Things I wish the author had discussed more:

INFLATION. Given that the average age of millionaires is 57, and most are acquiring this fortune over a thirty to fifty year period, I don’t think Stanley has enough to say about the affect of inflation or how that might alter the future number of millionaires. In fact, I don’t recall him mentioning inflation at all. The woman who buys a house at the age of 21 could be a millionaire by 70 based almost exclusively on the increase in the value of her house. Millionaires are only 3.5% of the total population, but what percentage of the population over 50 are they?

CHARITY. How much do millionaires give to charity, on average, compared to others as a percentage of income? How does giving to charity affect the ability to accumulate wealth? He only briefly mentions charity, admitting that children of PAWs who receive EOC do tend to give more to charity than those who do not receive EOC.
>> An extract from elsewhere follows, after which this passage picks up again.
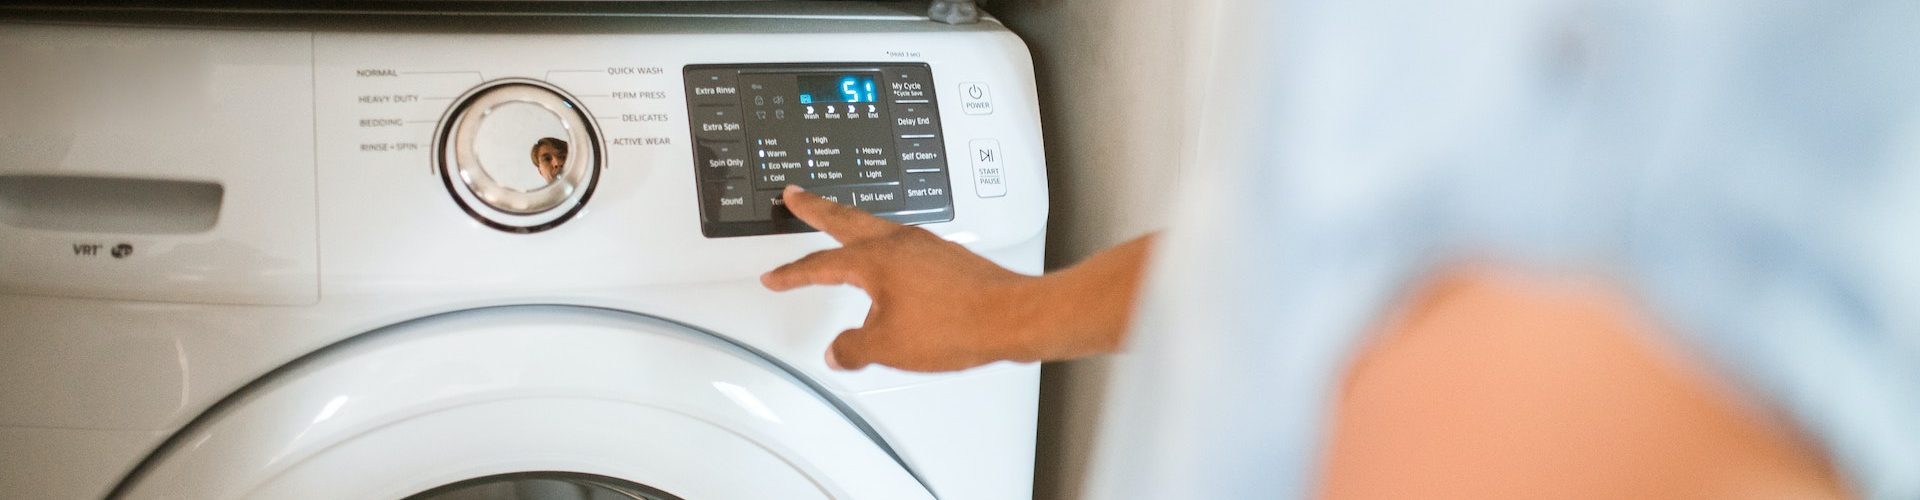 condensor mechanisme tank Coolblue Wasmachine Abonnement betekent lage lasten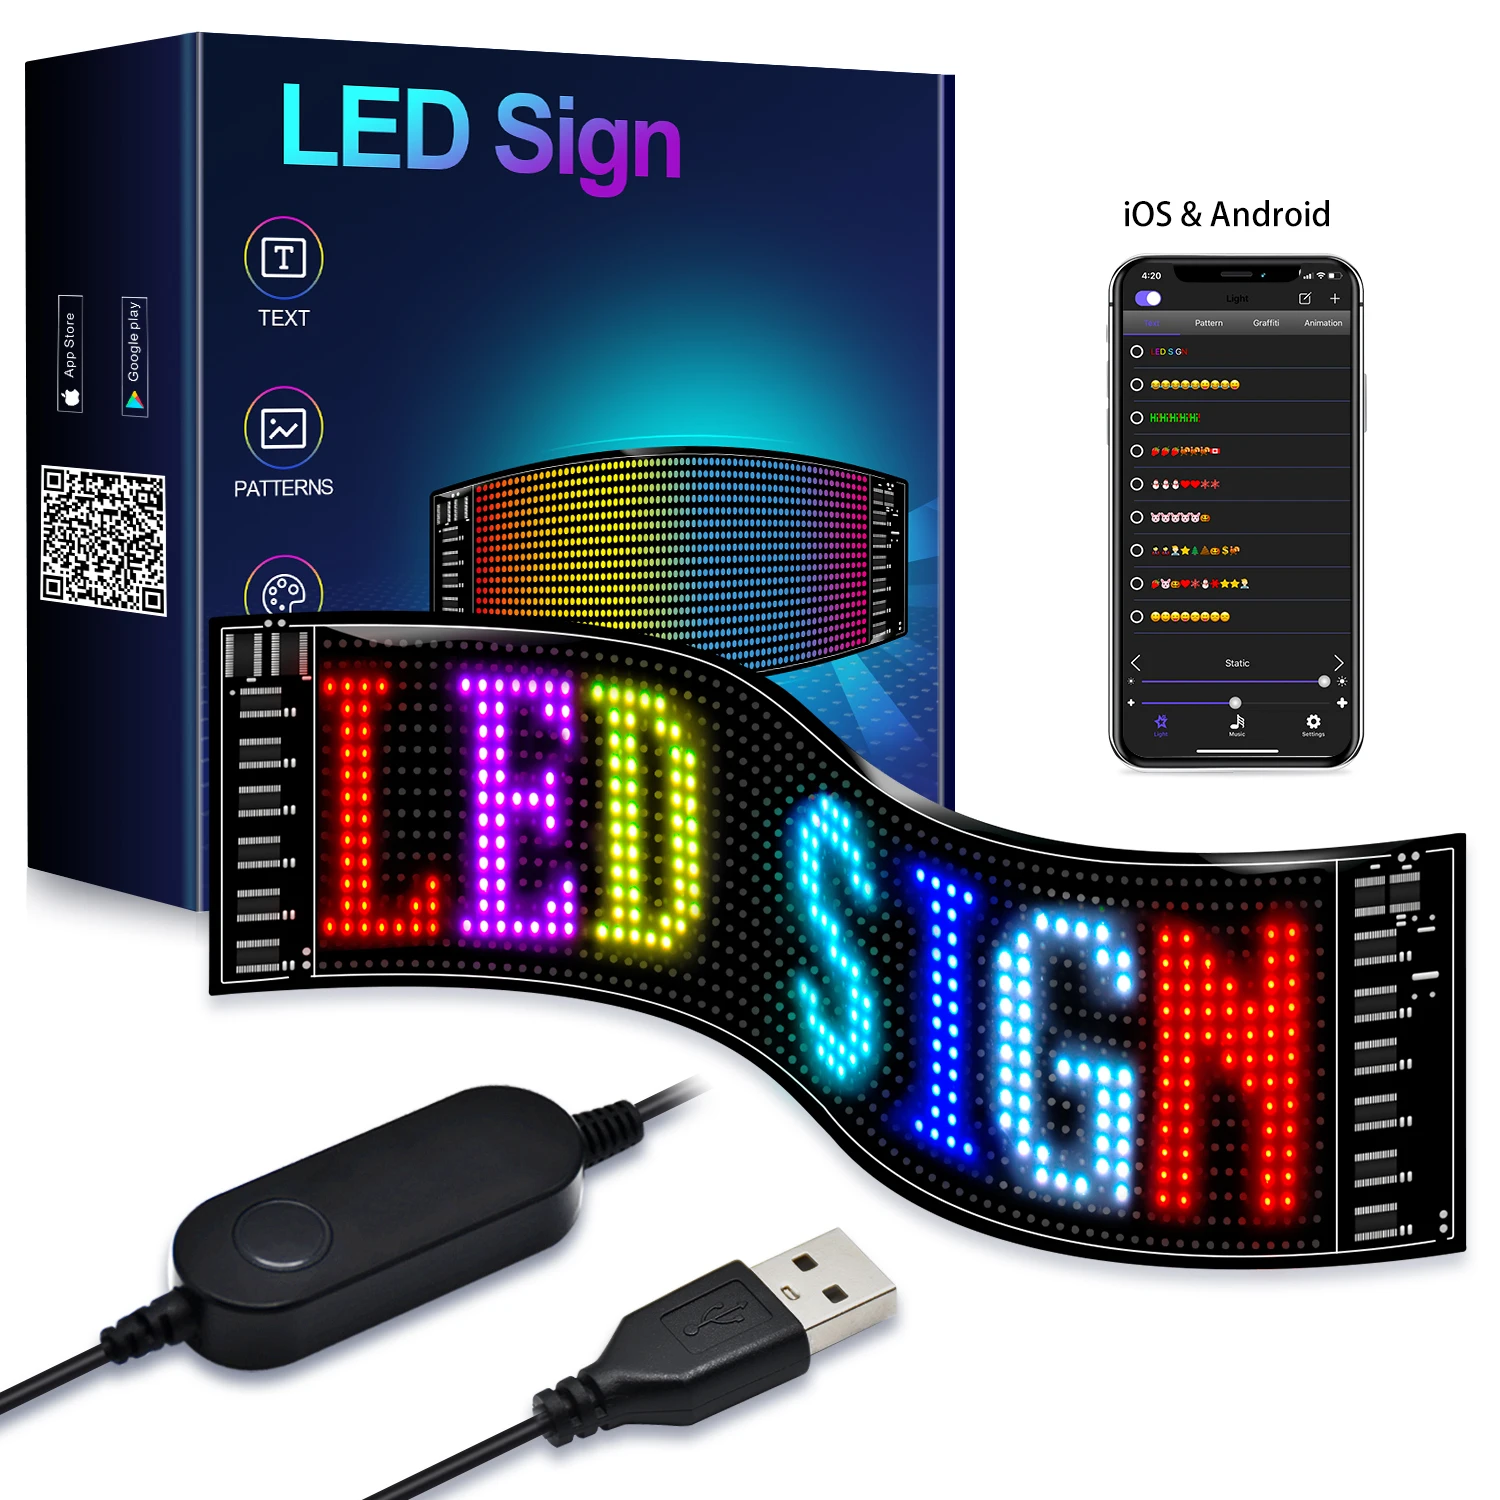 LED Matrix Pixel Panel, Scrolling Bright Advertising LED Signs, Flexible USB 5V LED Car Sign Bluetooth App Control For Car, Shop

THE EFFECTS OF SHIFTING GENERATIONAL VALUES ON WEALTH ACCUMULATION. For Stanley, under accumulation of wealth largely accounts for the fact that few of the children and grandchildren of millionaires become millionaires themselves. Stanley says, basically, that the hard-working and frugal ethos of self-made millionaire parents is lost as their children and grandchildren become increasingly “Americanized” and thus become status-conscious, materialistic, undisciplined consumers. I’m not ruling out that possibility. I’m sure it’s true for some, perhaps many. But I think there’s another possibility. Maybe some of the children and grandchildren of millionaires simply have competing values that, while different, are quite possibly also good values.

The reality is that life is full of competing goods. Unfortunately, we can’t fully realize all goods simultaneously. Being at home for your kids is a good; but being able to one day pay for their college tuition so they can have a debt-free start in life is also a good. Few mothers can realize both goods. Supporting your child’s love for music by getting him an expensive instrument and private lessons so he can grow as musicians and explore his talent is a good; but having financial independence in old age so your kids don’t have to support you financially is also a good. Having more money than you need in the bank, in case you one day do need it, is a good. But paying a babysitter so you can experience regular, marriage-building date nights with your husband is also a good. We sometimes have to choose between two good things. And which goods we choose may depend more on our personalities and preferences, on our individual fears and hopes, than on our moral fortitude. Stanley’s assumptions about why millionaire kids do not become millionaires are a bit harsh. Some of these “kids” no doubt are irresponsible spendthrifts, but perhaps others are saving *enough* to meet their own personal, long-term life goals and are realizing other positive values instead of wealth accumulation. I may be wrong about this, but it’s not even a possibility Stanley explores.

One final note - this book should be read in conjunction with The Cheapskate Next Door.